- _DATASET RECORDS_
——————————

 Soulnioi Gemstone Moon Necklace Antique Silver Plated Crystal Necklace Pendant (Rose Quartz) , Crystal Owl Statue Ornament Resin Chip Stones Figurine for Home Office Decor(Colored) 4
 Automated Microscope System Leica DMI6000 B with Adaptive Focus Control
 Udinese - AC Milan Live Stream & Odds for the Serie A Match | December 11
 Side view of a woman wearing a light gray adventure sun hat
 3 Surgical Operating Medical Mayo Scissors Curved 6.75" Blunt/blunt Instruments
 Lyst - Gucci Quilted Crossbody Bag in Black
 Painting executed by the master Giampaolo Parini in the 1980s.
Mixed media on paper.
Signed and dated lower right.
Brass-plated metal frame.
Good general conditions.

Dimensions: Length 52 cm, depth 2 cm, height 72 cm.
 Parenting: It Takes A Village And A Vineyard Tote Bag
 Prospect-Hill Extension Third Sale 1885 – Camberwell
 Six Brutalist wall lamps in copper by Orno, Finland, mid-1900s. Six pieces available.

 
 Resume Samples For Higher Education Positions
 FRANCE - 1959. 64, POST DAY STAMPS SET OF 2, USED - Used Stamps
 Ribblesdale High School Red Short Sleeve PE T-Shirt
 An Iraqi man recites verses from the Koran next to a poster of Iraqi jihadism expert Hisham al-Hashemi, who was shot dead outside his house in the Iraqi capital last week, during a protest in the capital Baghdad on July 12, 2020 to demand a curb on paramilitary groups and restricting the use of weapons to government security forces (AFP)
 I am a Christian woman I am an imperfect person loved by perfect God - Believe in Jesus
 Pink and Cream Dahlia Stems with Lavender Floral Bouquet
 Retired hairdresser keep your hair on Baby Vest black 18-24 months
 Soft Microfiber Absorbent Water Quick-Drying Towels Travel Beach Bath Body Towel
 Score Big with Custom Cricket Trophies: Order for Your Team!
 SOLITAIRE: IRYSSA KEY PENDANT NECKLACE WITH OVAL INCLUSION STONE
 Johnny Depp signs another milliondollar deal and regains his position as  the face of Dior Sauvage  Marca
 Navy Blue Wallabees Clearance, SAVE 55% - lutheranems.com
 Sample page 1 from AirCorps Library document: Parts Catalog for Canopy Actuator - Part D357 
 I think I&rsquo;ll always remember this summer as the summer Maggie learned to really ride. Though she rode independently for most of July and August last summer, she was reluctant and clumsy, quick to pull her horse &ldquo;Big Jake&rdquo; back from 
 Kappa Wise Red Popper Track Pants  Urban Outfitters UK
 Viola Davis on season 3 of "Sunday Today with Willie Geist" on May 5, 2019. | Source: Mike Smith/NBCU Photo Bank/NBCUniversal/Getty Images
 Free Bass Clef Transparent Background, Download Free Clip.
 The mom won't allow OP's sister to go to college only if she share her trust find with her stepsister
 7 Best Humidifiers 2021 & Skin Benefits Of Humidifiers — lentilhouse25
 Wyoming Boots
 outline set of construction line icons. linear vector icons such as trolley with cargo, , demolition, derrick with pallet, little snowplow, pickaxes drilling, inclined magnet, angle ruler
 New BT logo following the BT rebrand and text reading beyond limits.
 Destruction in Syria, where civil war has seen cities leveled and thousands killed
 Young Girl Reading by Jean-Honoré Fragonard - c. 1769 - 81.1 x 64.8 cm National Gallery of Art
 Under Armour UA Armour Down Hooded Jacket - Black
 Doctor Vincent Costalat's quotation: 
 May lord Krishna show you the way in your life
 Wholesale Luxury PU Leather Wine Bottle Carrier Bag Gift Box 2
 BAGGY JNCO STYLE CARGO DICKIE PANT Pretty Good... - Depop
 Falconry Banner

——————————

- _TASK STATEMENT_
Nothing but the lines from the one that contains "Free Bass Clef" through the end of the data above should appear, each reproduced exactly.

- _RESPONSE_
 Free Bass Clef Transparent Background, Download Free Clip.
 The mom won't allow OP's sister to go to college only if she share her trust find with her stepsister
 7 Best Humidifiers 2021 & Skin Benefits Of Humidifiers — lentilhouse25
 Wyoming Boots
 outline set of construction line icons. linear vector icons such as trolley with cargo, , demolition, derrick with pallet, little snowplow, pickaxes drilling, inclined magnet, angle ruler
 New BT logo following the BT rebrand and text reading beyond limits.
 Destruction in Syria, where civil war has seen cities leveled and thousands killed
 Young Girl Reading by Jean-Honoré Fragonard - c. 1769 - 81.1 x 64.8 cm National Gallery of Art
 Under Armour UA Armour Down Hooded Jacket - Black
 Doctor Vincent Costalat's quotation: 
 May lord Krishna show you the way in your life
 Wholesale Luxury PU Leather Wine Bottle Carrier Bag Gift Box 2
 BAGGY JNCO STYLE CARGO DICKIE PANT Pretty Good... - Depop
 Falconry Banner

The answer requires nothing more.